Loading Screens for the 1992 Mac Edition of afternoon & 1994 Mac Edition of Victory Garden

 

As both video clips demonstrate, the loading screen of early hypertext literature created on the Storyspace platform offers much useful information about the work.

First, the number of nodes and links alerts readers to the size of a work, much like the number of pages of a book provides readers with a sense of the time commitment to it. Joyce's 1992 Macintosh Edition of afternoon, a noon, for example, is 177 kilobytes in size and has 539 Spaces (nodes of text), and 951 Links. It takes approximately 34 seconds to load on the Macintosh Classic. In comparison, Moulthrop's Victory Garden is 713 kilobytes in size and has 993 Places (nodes of text) and 2804 Links. On the same computer it takes approximately 3:40 minutes to load. Grigar remembers launching Victory Garden and, then, leaving it to load while she made herself a cup of coffee.

Second, the terms, "Spaces" and "Places," explain the way hypertexts are expressed spatially. Beginning with its release in 1990, afternoon, a story uses Spaces, a convention perhaps influenced by the notion of "spatial form" attributed to Joseph Frank and cited in Jay David Bolter's Writing Space (1991) as the way of talking about the "architecture of a text that works against the 'strict causal-chronological order'" (159). This conceptual perspective makes sense since Bolter and Joyce, along with John B. Smith, developed Storyspace before licensing the software to Bernstein at Eastgate Systems, Inc. in the late 1980s, and Joyce's novel figures largely in Bolter's book about hypertext. On the other hand, from the earliest edition onward of Victory Garden, Moulthrop refers to nodes as Places, suggesting a physical environment with surfaces and boundaries that humans can experience and locate on a map. Influenced as he was by Jorge Luis Borge's "The Garden of Forking Paths," Moulthrop uses the labyrinth as the metaphor to explain aspects of hypertext and the garden as a map for his novel. 

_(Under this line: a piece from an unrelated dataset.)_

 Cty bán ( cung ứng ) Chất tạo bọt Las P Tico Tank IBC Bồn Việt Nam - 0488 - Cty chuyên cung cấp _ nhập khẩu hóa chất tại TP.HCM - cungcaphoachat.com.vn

Writing a decade after Bolter's book and the two hypertext novels were published, philosopher and hypertext author David Kolb offers a pragmatic perspective that draws on architecture and city planning, specifying that space "can be treated as a collection of points and geometric relations" and place as "locations where we define significant regions, relations, and transitions . . . with a social net that defines possibilities of meaning and action."